说完,柳芸不再看床上愣住的柳母和僵住的柳二哥,转身从随身带来的袋子里拿出两盒糕点,放在桌上。

“娘,这糕点您留着吃,我看您脸色,也没什么大病,好好歇着吧,别跟着着急上火。”

柳芸语气缓和了些,但去意已决,“我回去看巧巧爷爷奶奶,明天一早坐车回去,家里(指她自己家)还有一堆事。”

柳芸的手刚触到冰凉的门闩,身后就传来一声尖利到破音的哭嚎:

“你走!你今天要是敢迈出这个门,我就死给你看!”

柳芸心头猛地一抽,倏地转身。

只见刚才还虚弱躺在床上的柳母,此刻竟半撑起身子,手里赫然举着一个深棕色的玻璃瓶,瓶身上的标签磨损得看不清字,但那个特别扎眼的骷髅头,一眼就认出是敌敌畏。

柳芸浑身的血液仿佛瞬间凝固了,指尖冰凉。那农药瓶子她认得,是以前家里用来给棉花除虫剩下的,早就该扔了,没想到竟被母亲藏到了枕头底下,成了此刻最骇人的道具。

“妈!你干什么!放下!”柳芸的声音发颤,想冲过去,又怕刺激到母亲。

柳二哥夸张地喊:“娘,你千万别干傻事啊,你死了我就没有娘了!”

柳母的眼泪鼻涕糊了满脸,眼神却是一种豁出去的疯狂,“放下?你不管你哥的死活,你也别想管我的死活!我生你养你,临了让你帮衬你哥一把,你就这么狠心?好,你不拿钱,我今天就喝了它,我死在你面前,让全村人都知道,我养了个多绝情多不孝的闺女!”

柳芸强迫自己冷静下来。

她想起上次回来,听说隔壁村有人假喝农药吓唬儿女,最后没真喝,反而把自个儿熏得够呛。她想起母亲平日里最是怕死怕痛,有个头疼脑热都要念叨半天。

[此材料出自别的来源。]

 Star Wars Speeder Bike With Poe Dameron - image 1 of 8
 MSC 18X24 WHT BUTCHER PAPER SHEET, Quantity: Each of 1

一个近乎冒险的念头,在她心底迅速成形。她不能完全被吓住,也不能硬抢刺激对方。

柳芸深吸一口气,再开口时,声音平稳了下来,带上了一丝疲惫和悲哀,“妈,您把瓶子放下,我们好好说。您真要喝,我也拦不住。但您想清楚,您喝下去,一了百了,眼睛一闭什么都不知道了。可二哥欠的赌债,不会因为您喝药就没了。债主照样会找上门,找不到他,会不会去找我?去找三粮?您倒是死了清净了,是把更大的烂摊子和骂名,留给我们,留给您孙子孙女。”